Quem manda no Brasil não é um homem ou um grupelho imbatível nas imoralidades e pilhagens, há séculos. Ambos situam-se num processo social. Processo mais direto, vertical e heterônomo no escravismo colonial e imperial, tornando-se algo mais indireto, horizontal ou transversal na “República”. A restrição pública ou coisa pública ainda é atravessada por negociatas de todos os tipos.
Nossa República é profundamente antirrepublicana por força do sistema de poder consolidado nas múltiplas maneiras estamentais e corporativas que demarcam as trocas venais entre o privado e o público. O golpe militar que instaurou a República somente sofisticou essa tradição de fazer dos espaços públicos uma extensão dos interesses particulares.
A dominação também se legitima com uma dada forma explícita ou dissimulada de confirmação/reprodução cultural, produzindo o amor pelos algozes. Sem essa identidade Hitler e Stálin seriam no máximo palhaços de circo decadente em beira de estradas.
Na diferenciação geral típica da sociedade de mercado a ideia de elites, não afastando o conceito de classes, o torna mais complexo e confuso, abarcando aqueles grupos organizados que detém e manipulam o poder em nome dos trabalhadores. Confusão não para Marx, mas para seus discípulos: imaginar que os maiores fundos são os de pensão. Como repensar conceitualmente as mudanças?
O apelo ao contorcionismo de alguma tradição perdida não geraria tantos dividendos nas urnas. Tampouco o recurso às sucessivas reparações de danos que aprofundam o déficit de direitos ao derreter dos acordos por cima (leia-se, pró capitalismo perverso em detrimento da vida da população carente de dignidade).
Aliás, todos os sicários de ideologias rotas são humanos, roubam, negociam, mentem, falham, mas refletem e incidem, conectando indivíduos à ideias ou doutrinas “adormecidas” já presentes de alguma maneira no senso comum de suas consciências. Sonhos e vozes são vencidos nesse moedor de gente e coisas.
A outorga a líderes improváveis a zombar de milhões por seus absurdos é parte desse labirinto de horrores da política em tempos loucos nos quais as mais nobres utopias tornam-se um invólucro de substratos cada vez mais desconexos com o real.
Apresentam-se e se representam como enviados do progresso. E são seguidos por milhões.
Os números empatados da disputa presidencial de 2022 indicam somente a ponta do iceberg do que é de fato a estrutura social. Esta é pesada em distorções e fraturas. É o ponto de partida. Para agir.

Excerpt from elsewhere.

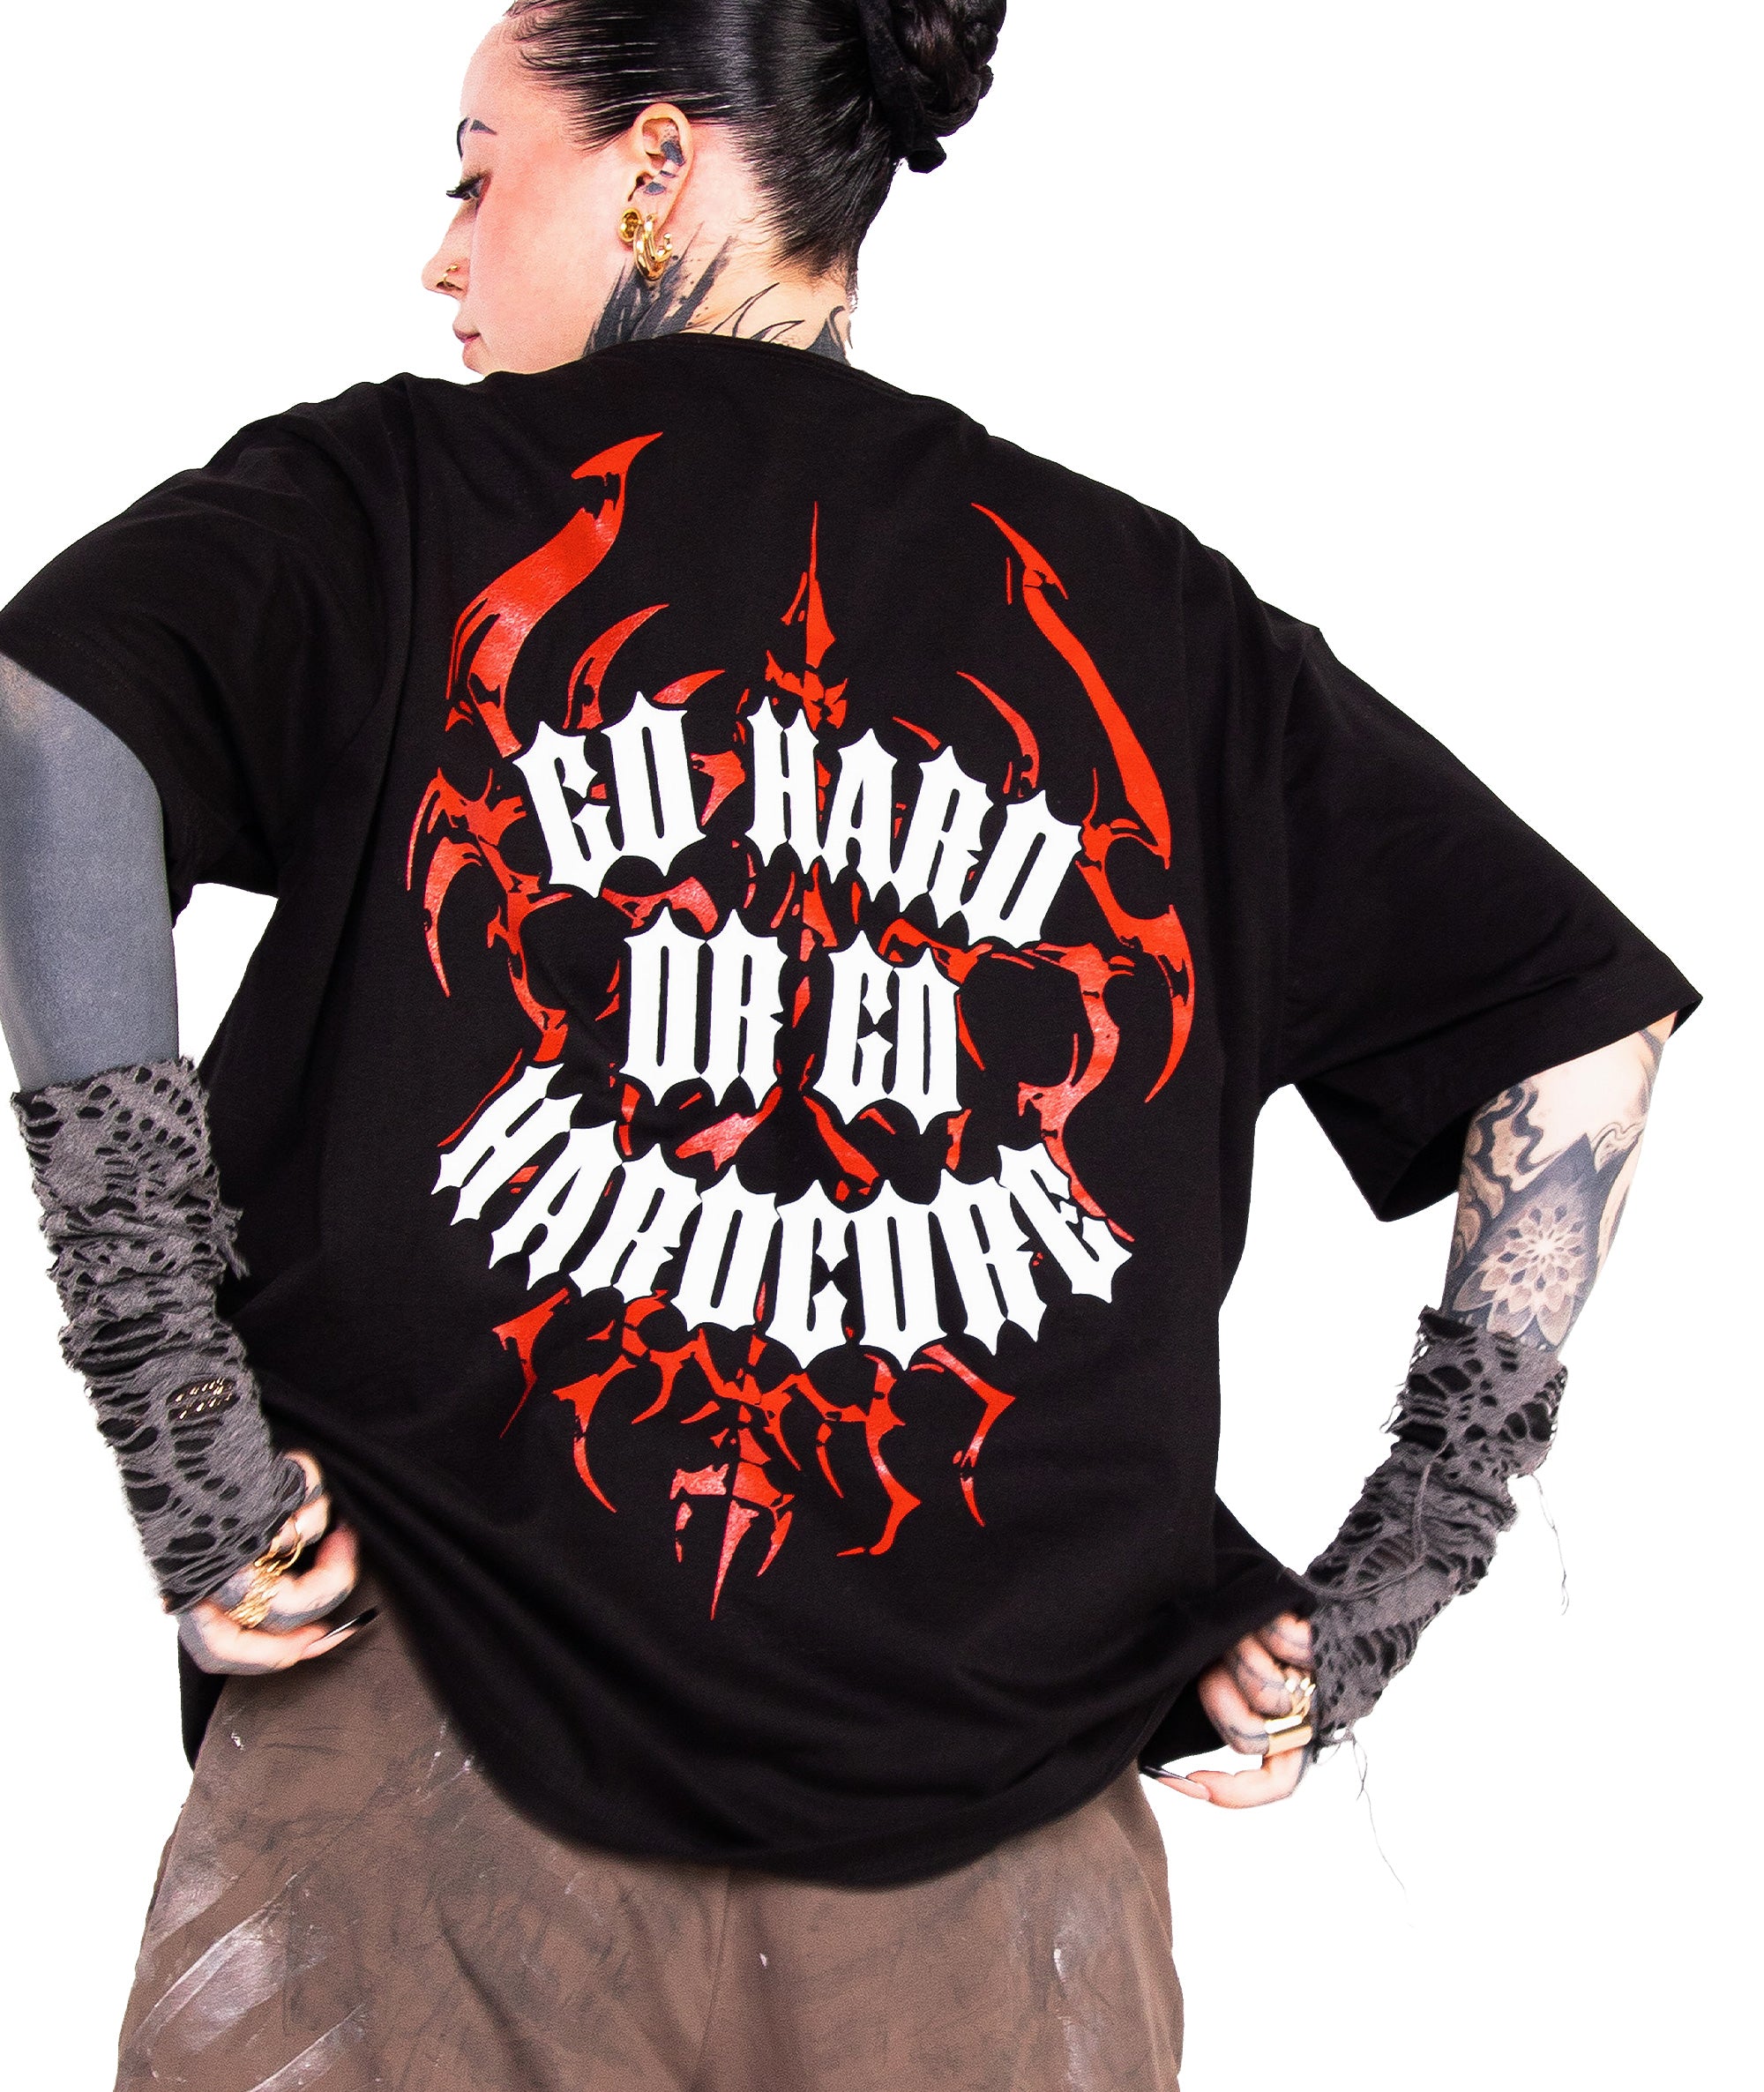 GO HARD OR GO HARDCORE T-Shirt | black, unisex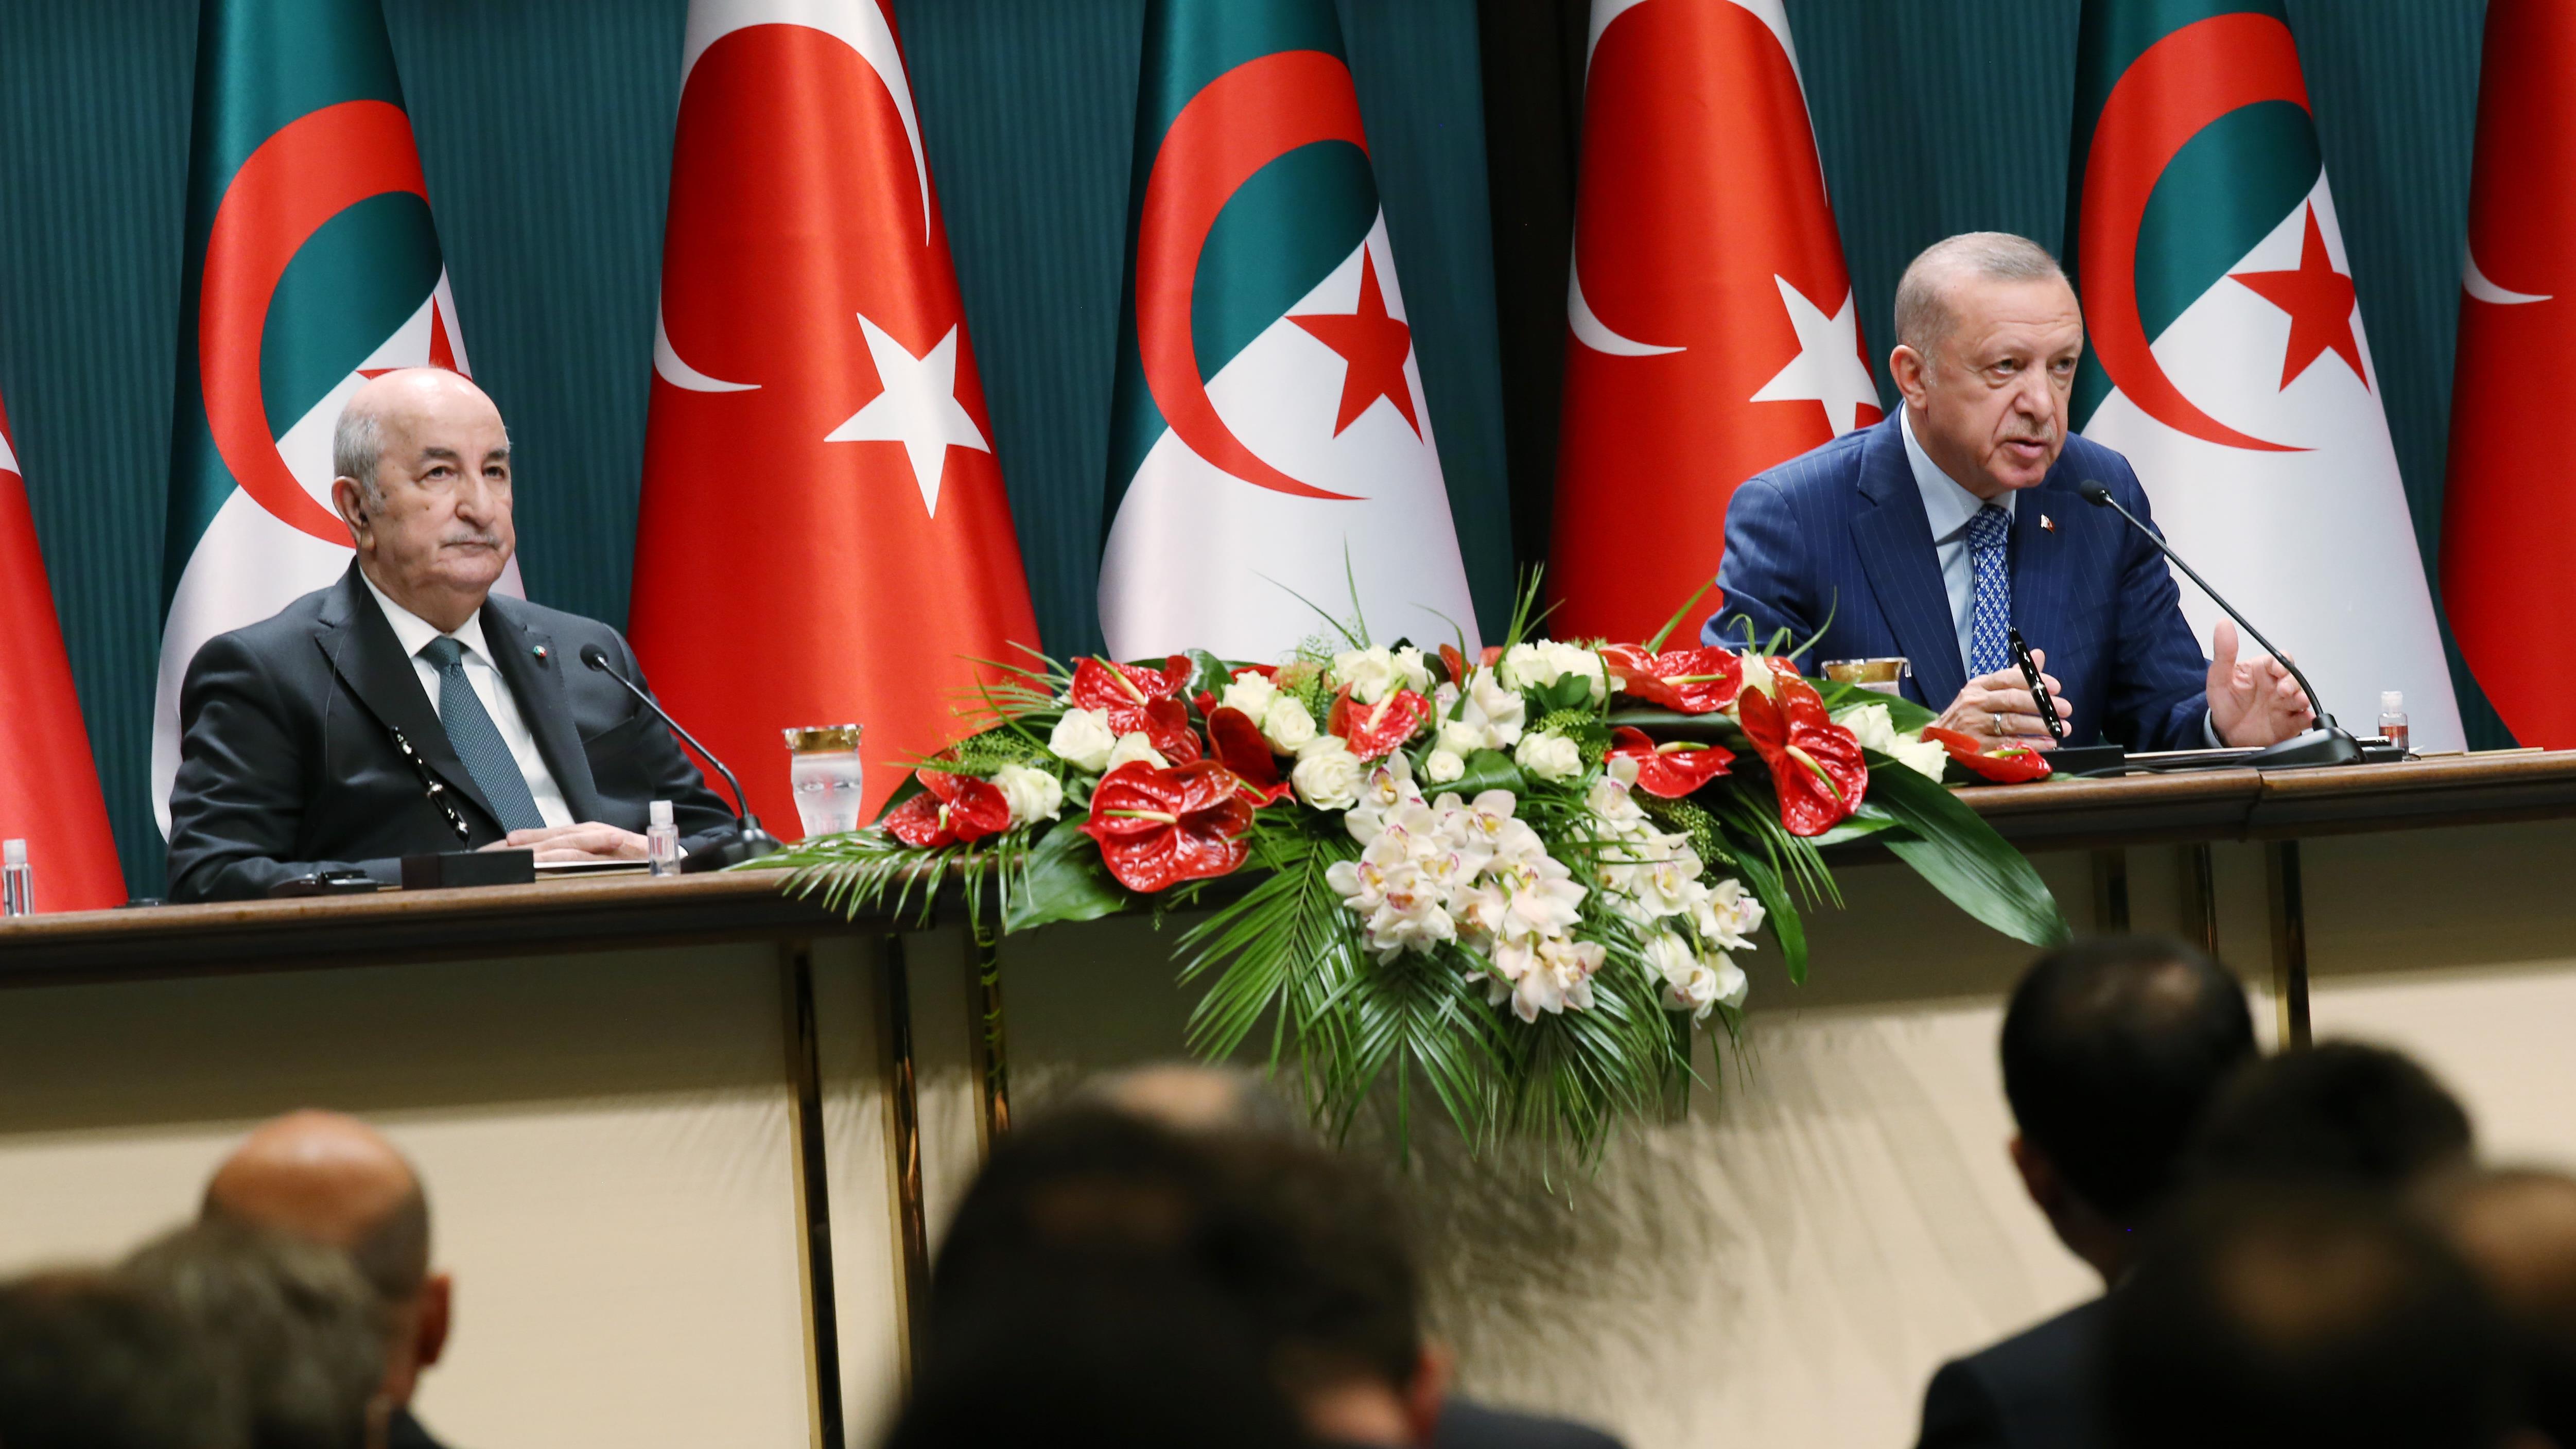 Cumhurbaşkanı Erdoğan ile Cezayir Cumhurbaşkanı Tebbun, anlaşmaların imza törenine iştirak etti

Deixar de acreditar no progresso pode levar ao comodismo do niilismo quase paralisante. Mas também pode funcionar para afastar grandes ilusões que não cansam de expressar desilusões avassaladoras. Acreditar acriticamente, depois de tudo o que já se sabe de Bolsonaro e Lula é no mínimo um autoengano, uma infantilização propícia para não avançar na democratização.
A Democratização de indivíduos, grupos, instituições, organizações toma muito tempo. Seres humanos, sociedade, mercado, estado, política, todos se encontram imersos numa regressão, ok. Ela anestesia, causa transtornos cognitivos e afetivos. Para sair desse atoleiro há que se livrar das mochilas das péssimas tradições. Isso tomará décadas.
O grande leimotif do Brasil será a ECONOMIA. E tudo indica PIB de 2%, crescendo nos próximos anos pra 3%, 4% e quase 5% em 2026, o que colocará Lula como uma força para a reeleição. Lula só perde se houver desastre econômico, o que é improvável, mas possível. Bolsonaro perderá força se a economia se reerguer ou ficará robusto se a vaca for pro brejo. Não tenho simpatias por Lula tampouco por Bolsonaro, nem os coloco no mesmo balaio de gatos. Lula não é obscurantista ou genocida mas reproduz velhos arcaísmos e equívocos mais próximos no tempo, a exemplo dos elogios à Maduro e na relativização da democracia.
Torço para o sucesso do Brasil. O Brasil é muito maior que suas elites arcaicas, corruptas, populistas, pois as forças do real progresso também estão dadas como possibilidade histórica de superação de tantas manifestações do absurdo.